The timing of this lookback is important. It comes on the heels of an intense election cycle. Now it’s time to move as quickly as possible from politics to policy, and we’ll do that by strengthening this economic development team even more.
We will partner closer than ever with our state elected delegation, with whom we have already forged a strong working relationship to develop economic policies favorable to the Mahoning Valley. All of our election night winners – state Sens. Al Cutrona and Sandra O’Brien, as well as state Reps. Monica Robb Blasdale, Tex Fischer, Lauren McNally, Dave Thomas and Nick Santucci – form a cohesive, bipartisan delegation dedicated to helping us move forward.

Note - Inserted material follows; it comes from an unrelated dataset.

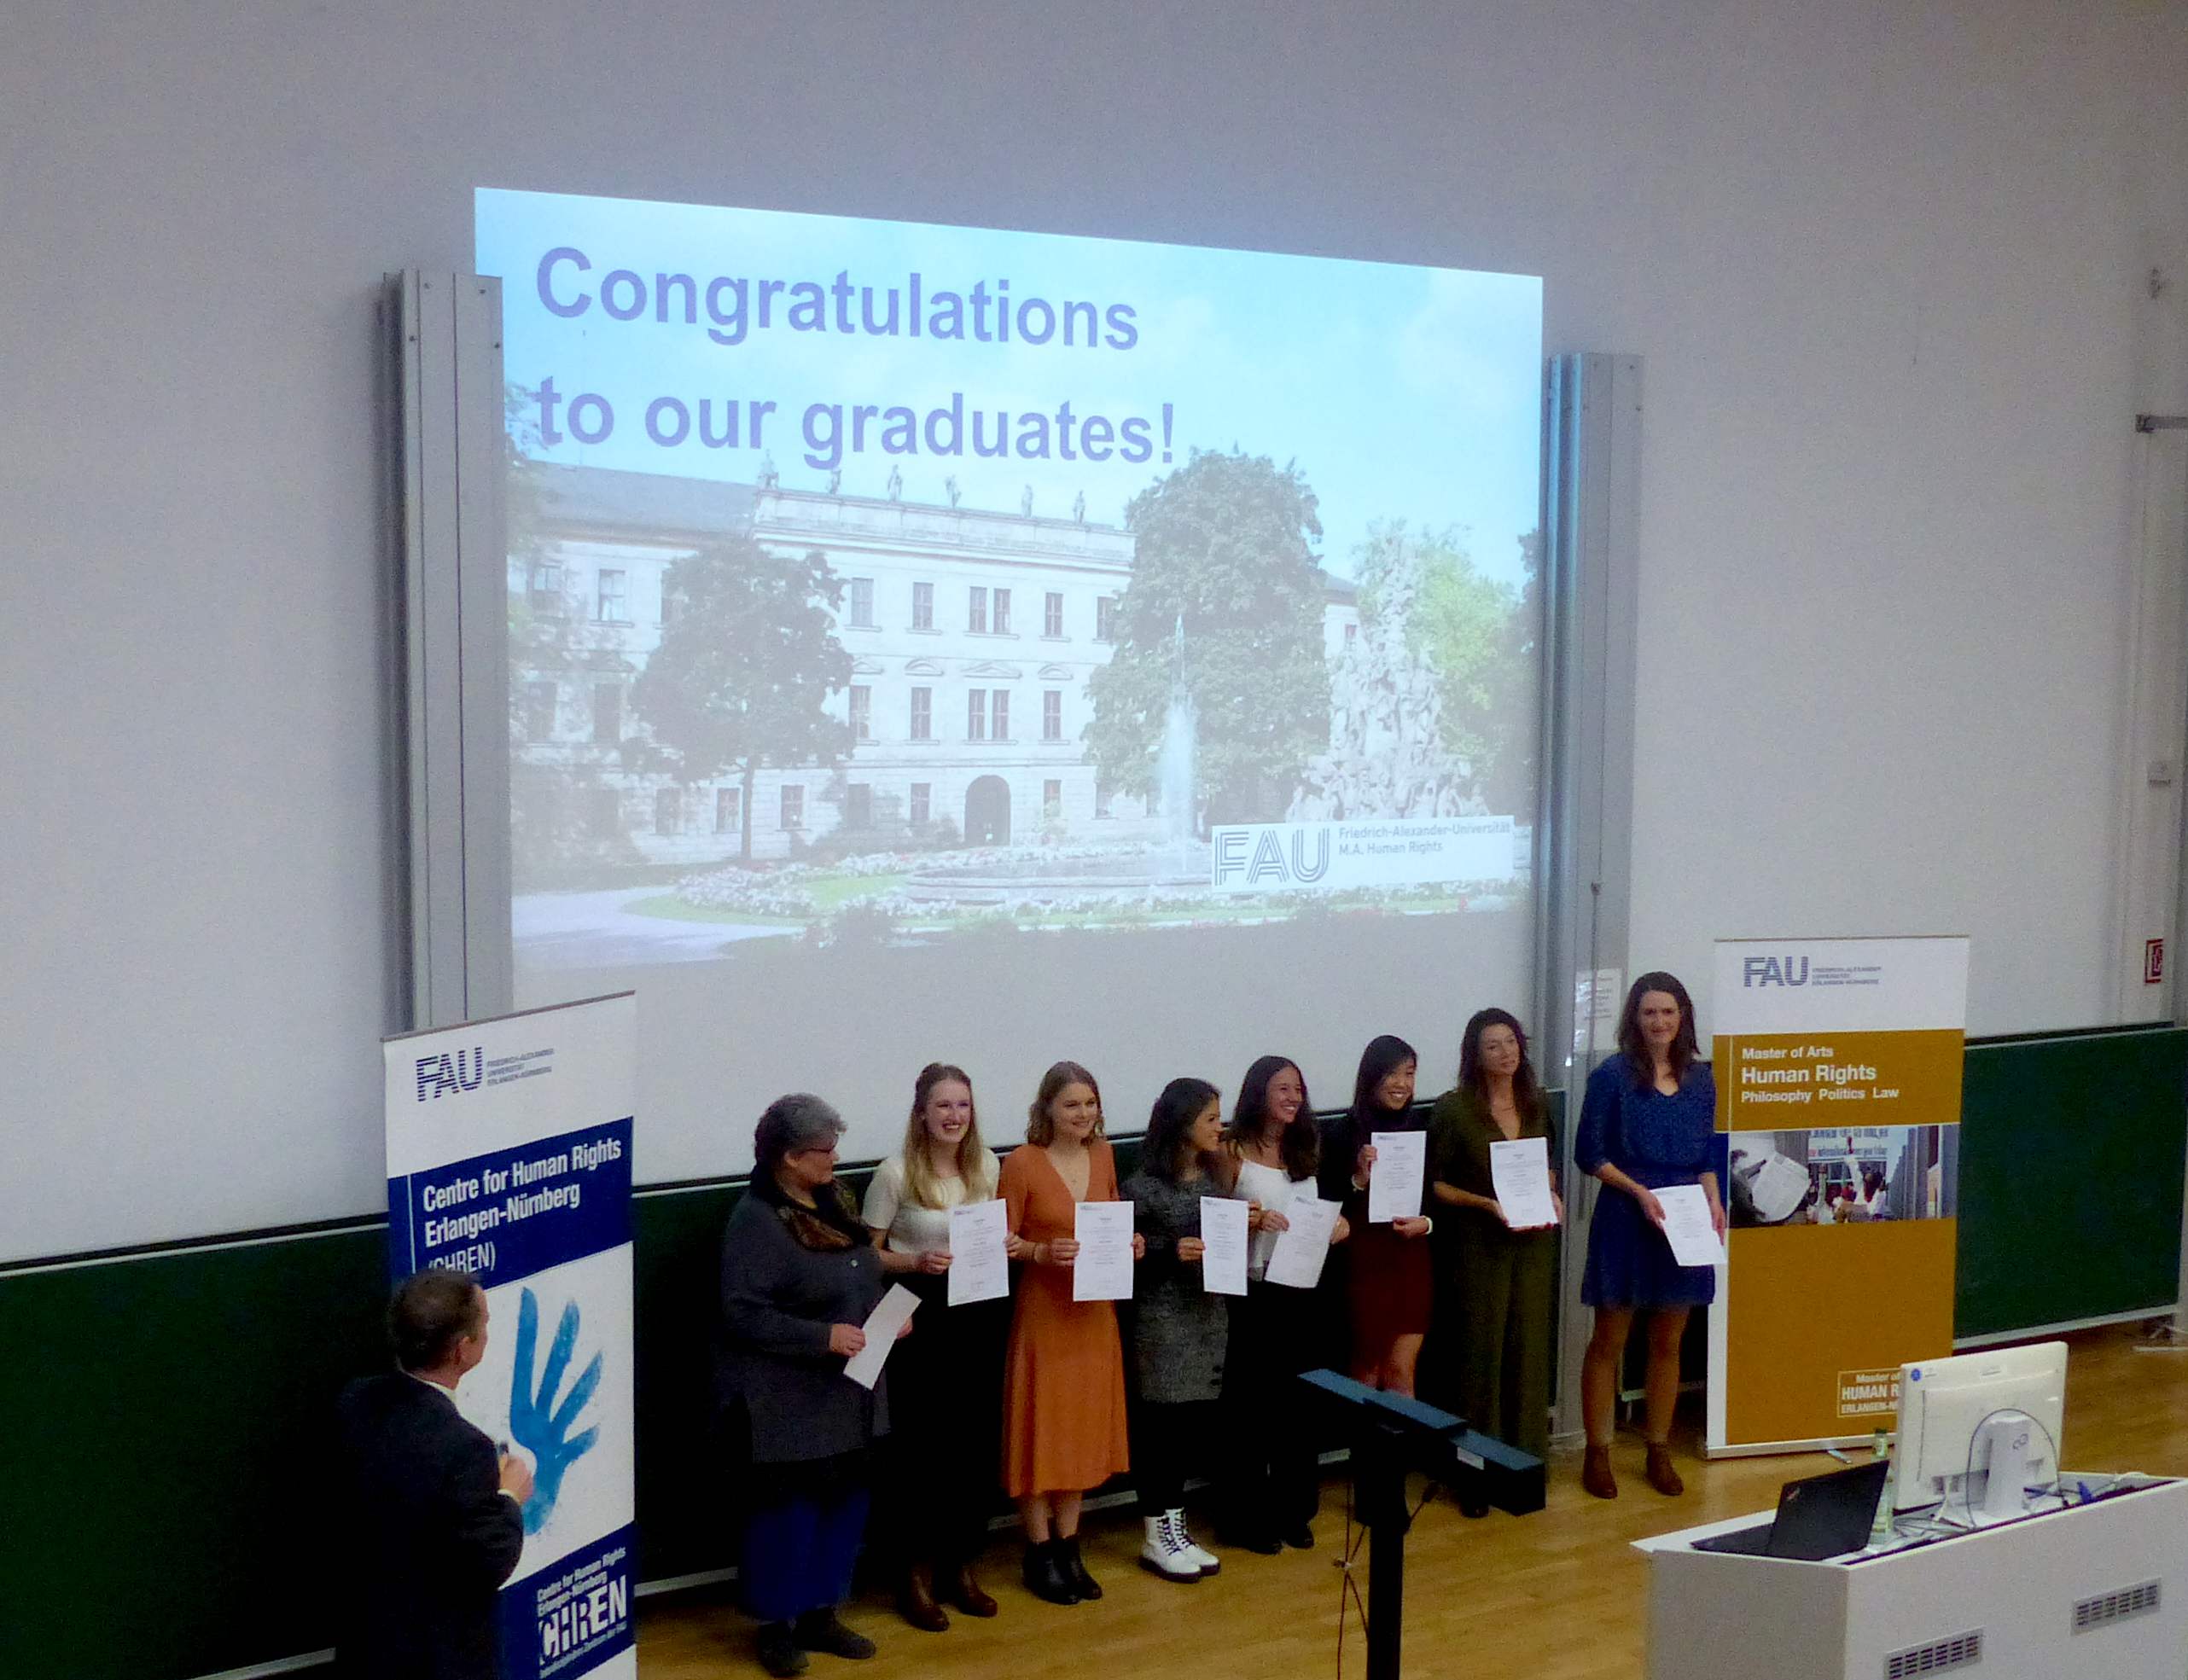 Picture of graduates at their graduation ceremony in front of a PowerPoint "Congratulations to our graduates!" holding their diplomas.

We will partner closer than ever with our new county commissioners – Tony Bernard and Rick Hernandez in Trumbull County and Geno DiFabio in Mahoning County – who we are confident will blend in nicely with their incumbent, bipartisan counterparts to continue supporting Valley Vision.
The Regional Chamber will do its part.
Along with our partners, like Eastgate, we will continue to make talent expansion our top priority by growing the population through our retain, return and receive three-pronged approach. We will continue to make increasing housing inventory our No. 2 priority.
We will announce multiple programs to cultivate the next generation of corporate leaders to overcome challenges presented by a wave of retiring, baby boomer CEOs throughout the Valley.
We will help the Youngstown State University export assistance office pursue trade opportunities with Vietnam and Iceland, facilitated by the chambers of commerce in those countries, to grow our economy.
We will use our newly created Business Advisory Council of The Fed to make sure real-time economic conditions in the Mahoning and Shenango valleys are given weight when creating monetary policy.
No doubt, this has been a tumultuous election cycle, which some of us would say is necessary to engage in healthy discourse about all ideas. Now that it’s over, rest assured, because of the partnerships and collaborations we have formed over the past several years, we are poised to forge ahead, expanding economic prosperity and improving our quality of life.
Published by The Business Journal, Youngstown, Ohio.